The reason I bring this up is because I am working on the assumption that in this about to be heavily planted tank, I should not have very many problems as far as a cycle goes because the plants, from what I have read, will feed off of the ammonia and nitrites and help me out. Is this a proper assumption or am I in for a rude awakening?

My plan for fish in this tank has changed a little bit...because I want to order them from Drs. Foster and Smith's website. My 'featured fish' will be four Denison Barbs (which are on back order, so I have time to make adjustments before adding these relatively expensive fish to my tank). Because of the minimum order amounts with most of these online stores, I am pretty much stuck ordering more fish than one may suggest as an appropriate stocking 'speed'. My situation is such, and I know that neon fish is probably in the same situation, that if I want a particular fish, even very common fish like neons or rummy nose tetras, I am at the mercy of the LFS stocking or have to go to some very expensive stores to buy them in the numbers that I am looking for. To add to that, buying a semi-rare fish like the denison barbs would cost me, and this is the multiple fish discount, over 120 dollars for three of them. On Drs. F&S, I can four of them for 100 dollars or 24 dollars a peice. If you havent see them, check them out here. They look amazing in a tank, especially planted tanks from the one I have seen them in, but they are still a 'new' fish to the hobby and just a couple months ago, these fish were over 70 dollars a peice. Anyways, (sorry for rambling), in order to keep things economical and stock with the exact fish that I want, I almost have to order them all in two batches. I am just looking for opinions, info, or ideas on if this is going to work out for me. The only other option I really have is to start setting up and cloning 10 gallon quarantine tanks, which may be worth paying 120 dollars for three fish IMHO.

I will look into your sponsor's website for those chemicals. The experience from members here has been positive for the vast majority of the time? I am sure that this site would not keep them as a sponsor if things were not good with them, but it never hurts to ask!

Thanks again,
MD


----------



## BryceM (Nov 6, 2005)

If it's heavily planted then no cycle is necessary - the plants will soak up all the ammonia. A small caution about this though... The plants only soak up NH3 when they're actively growing, which assumes they're in good condition, that you have an adequate plant mass, and that all of their other needs are being met. If that is the case then a full traditional cycle won't be needed.

People seem to get into algae troubles when the tank gets too heavily stocked. Fish waste is high in NH3, which mostly converts to NH4+ in low pH conditions. NH4+ seems to cause algae blooms.

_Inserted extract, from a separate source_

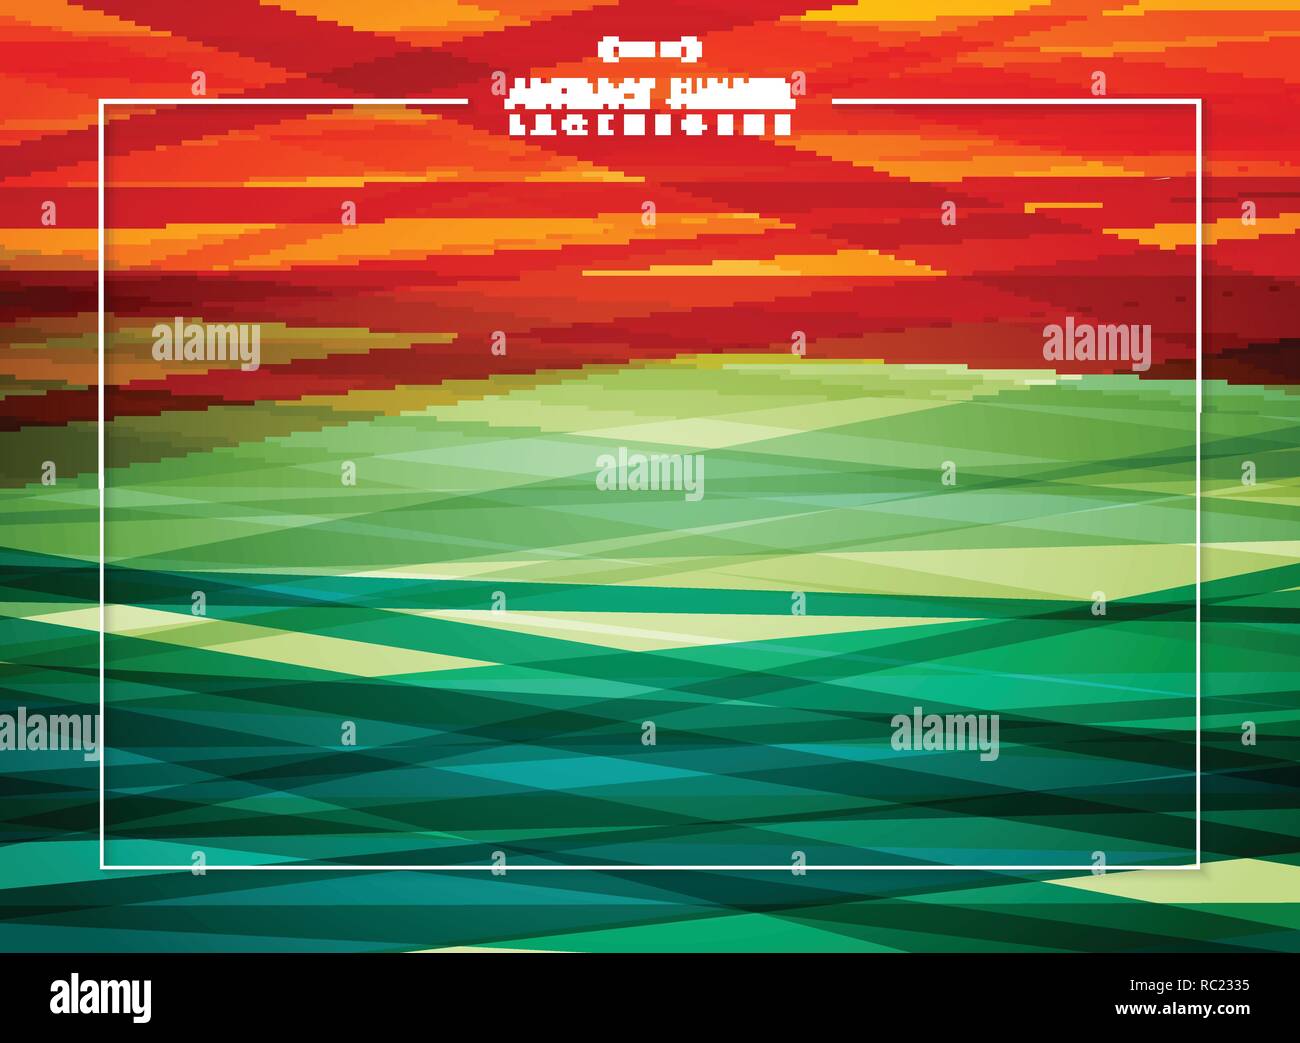 Zusammenfassung Hintergrund der Sommer bunte Streifen, Vector EPS 10. Stock Vektor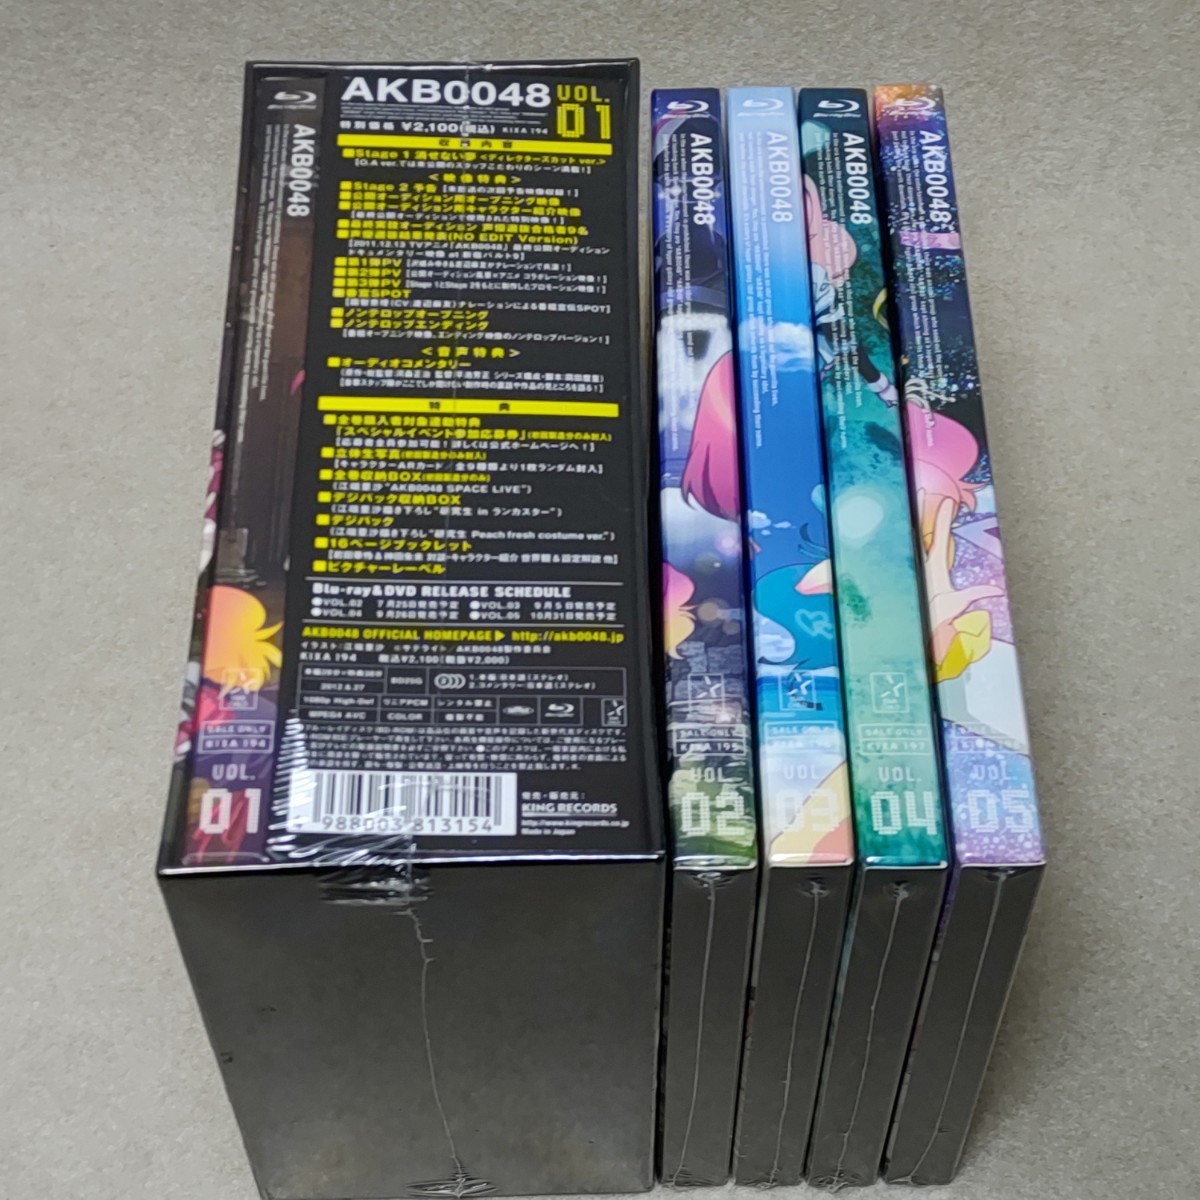 未開封 ブルーレイ AKB0048 Blu-ray 全5巻セット 初回

Denison barbs are fabulous, but I'd wait until the tank is stable before adding them.

Greg Watson is a great source for bulk dry chemicals. I'm not aware of a single order problem from his site.


----------



## erijnal (Apr 5, 2006)

Try joining the Yahoo! group named Anubiasdesign. He gets in a lot of fish and as far as I know, there is no minimum order. Check his stocklist by going to Files, and open the Excel document in there. Not sure if he has denison barbs right now, but it's worth checking out.

Also, at a certain point (about 4-6 months in) it won't be necessary to dose nitrates or phosphates anymore if you have a decent bioload, unless you have plants that are extremely nitrate/phosphate hungry. You'll still have to dose potassium though.


----------



## Mad Dog (Mar 3, 2007)

Thanks for the tip erijnal! I will definetly check that out.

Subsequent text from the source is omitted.